Looks like neither, these are new. I watched a clip with Bugs, it wasn't Mel, but I admit, the voice wasn't all that off. Daffy, not so much.


----------



## fluffybear (Jun 19, 2004)

dpeters11 said:


> Looks like neither, these are new. I watched a clip with Bugs, it wasn't Mel, but I admit, the voice wasn't all that off. Daffy, not so much.


Jeff Bergman will be returning to do the voice of Bugs in this new series . Jeff was the first (1989-1993) of many to voice Bugs since Mel's passing. Some say that it was almost impossible to tell the difference between he and Mel.


----------



## RunnerFL (Jan 5, 2006)

LarryFlowers said:


> The question is will these be the original cartoons... UNEDITED.. or the crap they pass off after they edit them?


It's a brand new series, not a rebroadcast of the originals.


----------



## LarryFlowers (Sep 22, 2006)

RunnerFL said:


> It's a brand new series, not a rebroadcast of the originals.

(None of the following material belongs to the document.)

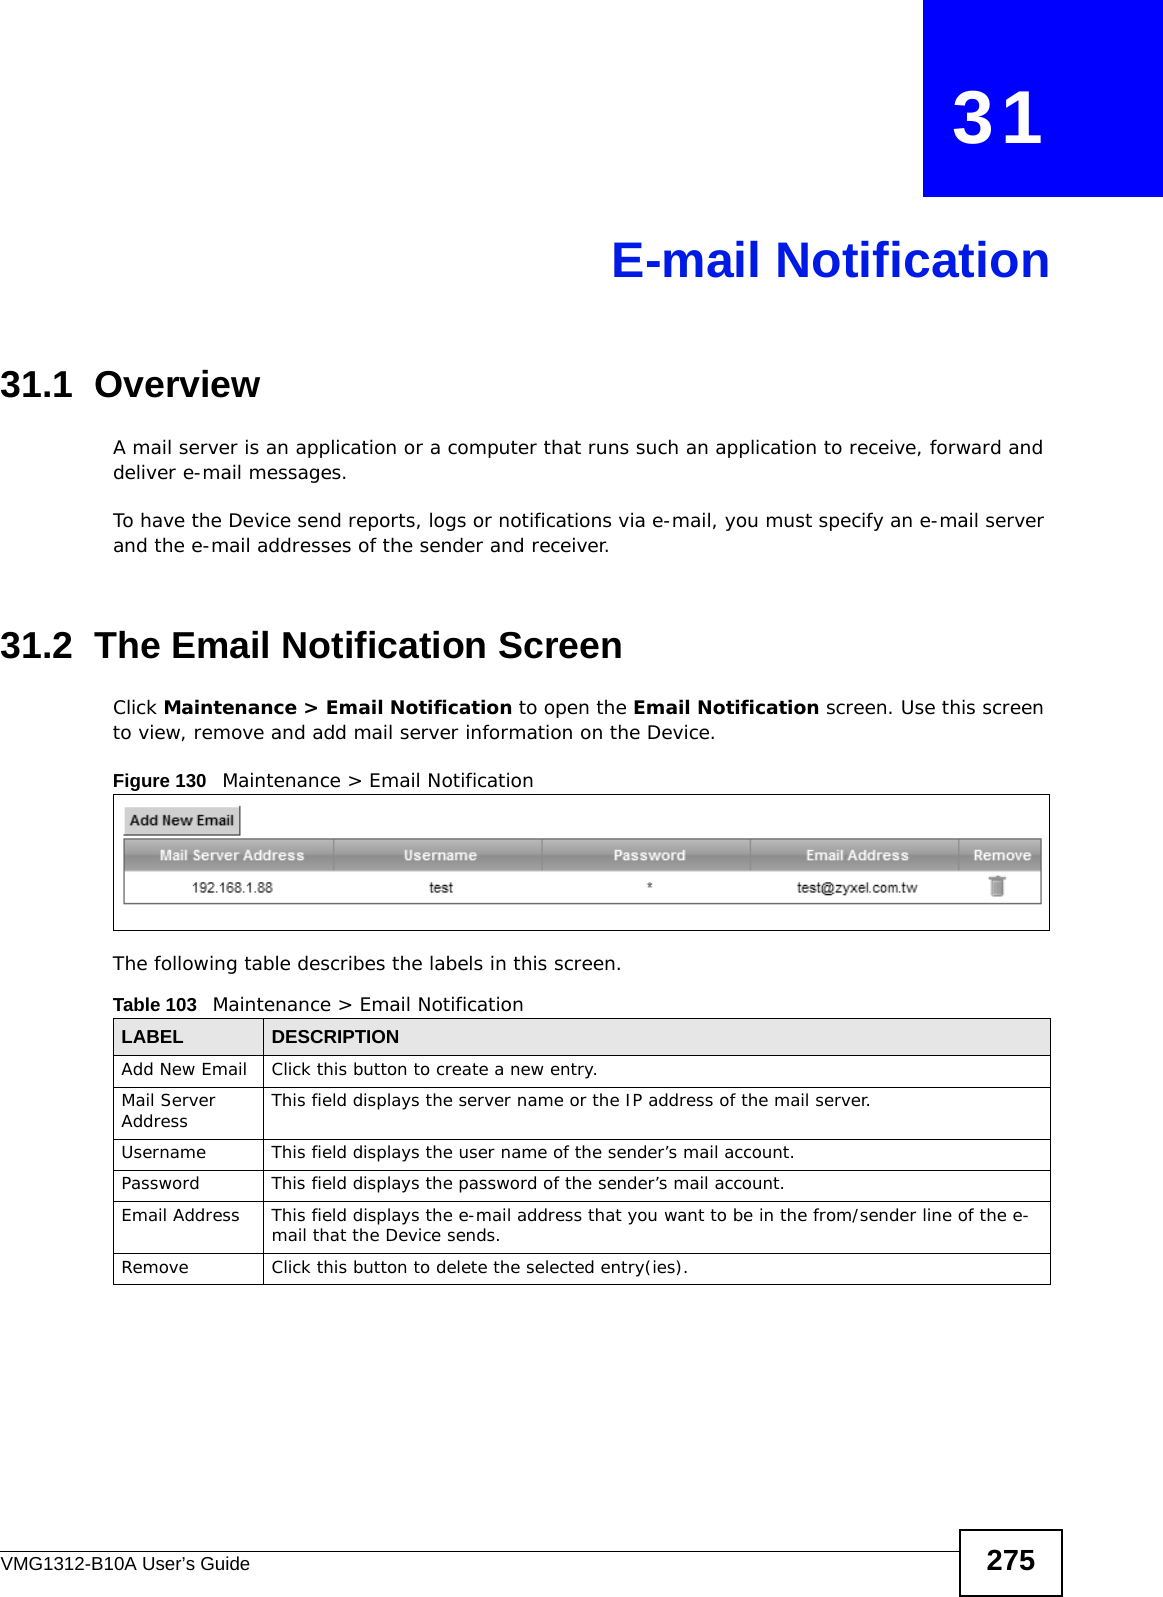 VMG1312-B10A User’s Guide 275CHAPTER   31E-mail Notification31.1  Overview   A mail server is an application or a computer that runs such an application to receive, forward and deliver e-mail messages.To have the Device send reports, logs or notifications via e-mail, you must specify an e-mail server and the e-mail addresses of the sender and receiver.31.2  The Email Notification ScreenClick Maintenance &gt; Email Notification to open the Email Notification screen. Use this screen to view, remove and add mail server information on the Device.Figure 130   Maintenance &gt; Email Notification The following table describes the labels in this screen. Table 103   Maintenance &gt; Email NotificationLABEL DESCRIPTIONAdd New Email Click this button to create a new entry.Mail Server Address This field displays the server name or the IP address of the mail server.Username     This field displays the user name of the sender’s mail account.Password This field displays the password of the sender’s mail account.Email Address This field displays the e-mail address that you want to be in the from/sender line of the e-mail that the Device sends. Remove Click this button to delete the selected entry(ies).

I'll reserve judgement until I see it then I'll say "That Sucks"!


----------



## armophob (Nov 13, 2006)

I will watch with great trepidation.


----------



## spartanstew (Nov 16, 2005)

LarryFlowers said:



> The question is will these be the original cartoons... UNEDITED.. or the crap they pass off after they edit them?


See first post.



pablo said:


> For fans of the classic Warner Bros. cartoons Cartoon Network *will premiere its new series* with the classic characters.


----------



## SayWhat? (Jun 7, 2009)

The bigger question is, will this be real animation (hand drawn), or CG?


----------



## pablo (Oct 11, 2007)

Looks like traditional animation. Well, all animation nowadays is done on computer, but this is styled to look like the classic cartoons. I for one cannot wait. I have all the classic Looney Tunes Golden Collections on DVD, so it's great to see these characters come back to life.


----------



## pablo (Oct 11, 2007)

It's tonight, so make sure you have set your DVRs


----------



## fluffybear (Jun 19, 2004)

I don't tend to watch Cartoon Network all that much but did they really need to put an annoying & large countdown timer in the upper right hand side of the screen for 12+ hours??


----------



## armophob (Nov 13, 2006)

Wow, that really sucked worse than I ever imagined it could. Never even smiled.


----------



## pablo (Oct 11, 2007)

I dunno, I found it enjoyable and pretty amusing. Will keep the series.


----------



## say-what (Dec 14, 2006)

Well, it certainly wasn't the Looney Tunes I grew up with.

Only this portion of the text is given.